明代高濂《玉簪記》的〈秋江〉一折,描寫小道姑為了愛情來追書生,江水不能相隔。她不為私奔,不求團圓,就為了心中一份感情的承諾與保存。兩人於是再會輕舟,互訴情衷。這段驚心之恨別,江以寄情,情以激江,唱歎間叫人心魂都揪了起來!

崑曲在戲台上獨特的抽象性,幻化出一種無限寬廣、無限延伸可能的空間感。觀眾透過這對小情侶的身段與眼神,宛如迎面而來的就是白露橫江、水光接天。綿綿一份情,委屈的廝守在波濤浪湧之上,何其渺微、又何其堅毅。蒼茫宇宙,因著人類這份純粹不渝的信念也要風雲褪色啊!崑曲這種抽象性,使觀眾更直接的聯接到自身的人生閱歷,更直接的專注到凡人所共有共通的情感本質。其感發之力,比之具形具象往往是有過之而無不及。

白先勇先生繼《牡丹亭》之後,重新大力創新了這齣已經四百多歲的老崑曲,2008年底於蘇州首演。他引入了西方舞台藝術的新元素,同時,也正大光明、又遊刃有餘的展現了傳統琴曲書畫的意與境,真是風流好看!

辛意雲老師在《色膽包天玉簪記》(天下文化,2009年)書後有一篇跋文〈精采的傳承〉,把「情」在傳統中的地位與份量,沿著思想脈絡作了賅要的說明。這裡節錄一小段,讀者同時可以看到白先勇先生那種返老還童的可愛、熱愛藝術的衝動。情境活靈活現,如在目前。
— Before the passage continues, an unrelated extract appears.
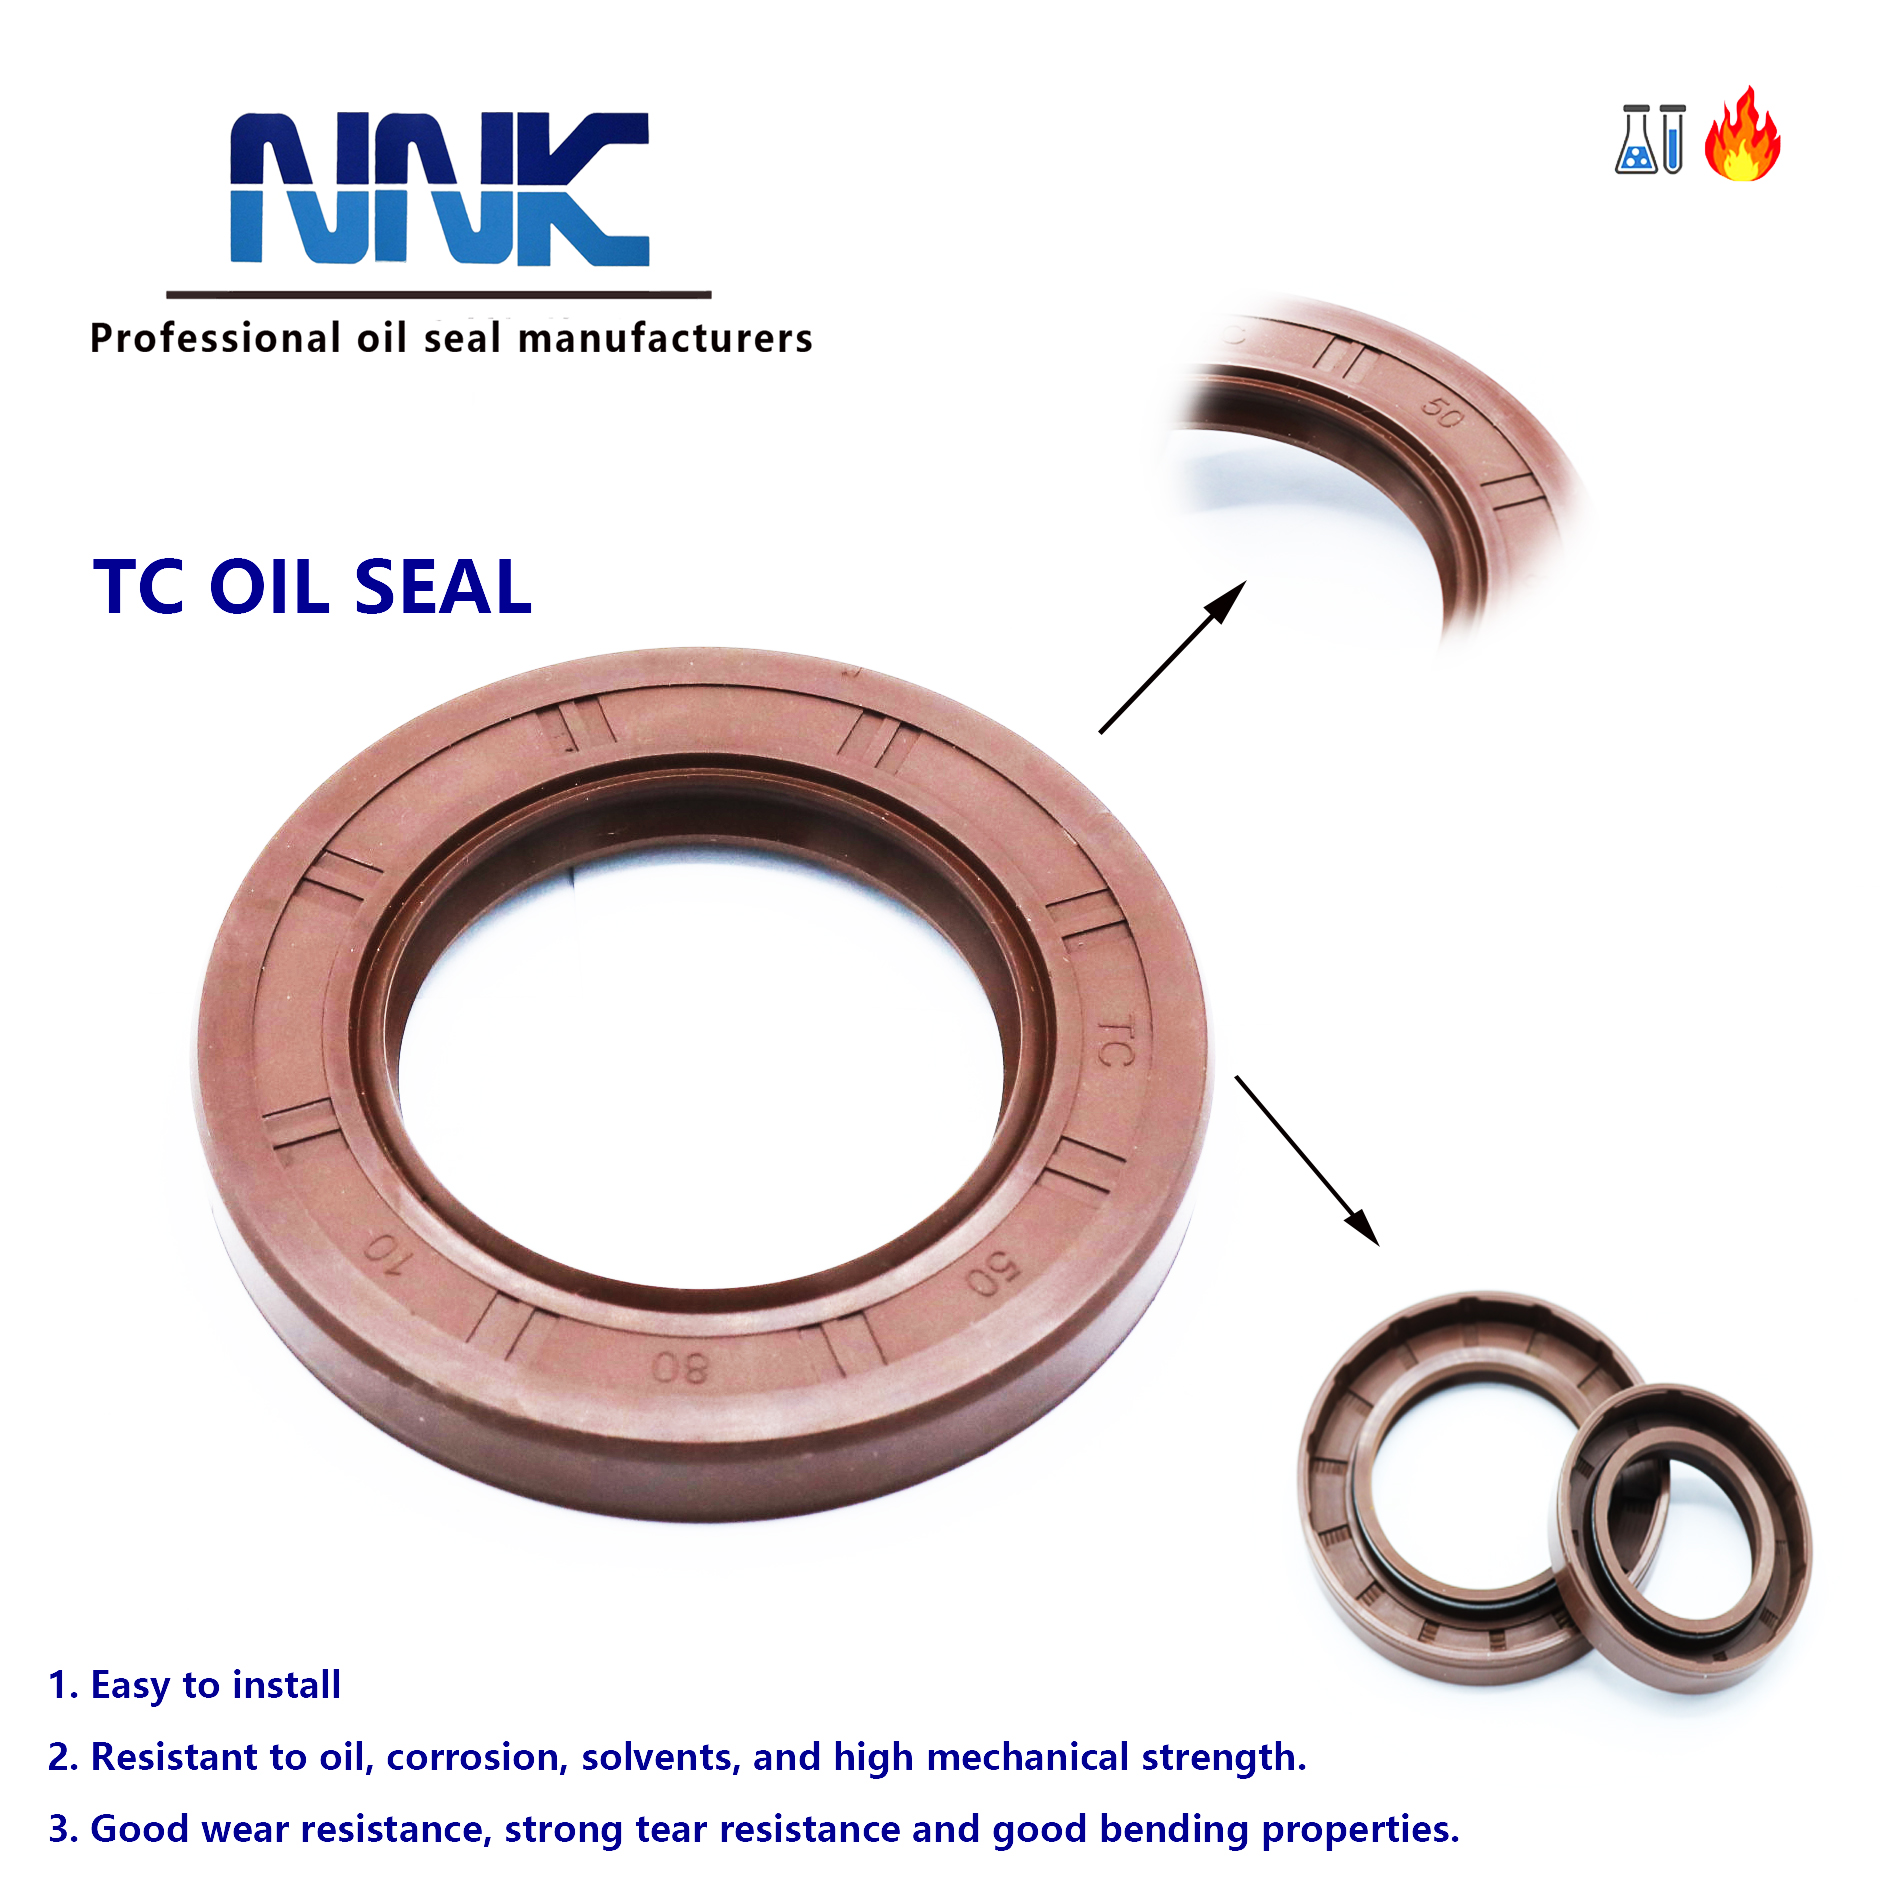 Why do you need to use TC oil seal?

…佛家從東漢後期,經魏晉南北朝、以至隋唐的「空性」,到這時候,也都回歸「情」字上。是以明美學家張琦進一步說:「人,情種也。人而無情,不至於人矣!何望其至人乎?」這個觀念,即使明朝覆亡,進入清朝,也沒有消散。清代大文豪袁枚還繼續說:「萬物俱生於情,何況人乎?人之情,有癡情、柔情、深情、屈情、私情、閑情、留情等。」

《玉簪記》的作者高濂,就生活在那個以「情」為「人之本」,「生命之本」的時代。那時代「情」是人們最高的審美核心。人們透過「情」面對這世界,以至於發展出一個以「情性」為美的世界,因此一切藝術、文學、詞曲、戲劇、生活都以「情」為「母體」。「情」就是明人的「美學」。明人在「心學」的影響下,在生命的覺醒中,體認到自我的「生命價值」與「個性」,就在「自我情性」的解放。並通過藝術的手法,將這份審美情感全面釋放,並傳播給社會大眾,以促成社會大眾的覺醒。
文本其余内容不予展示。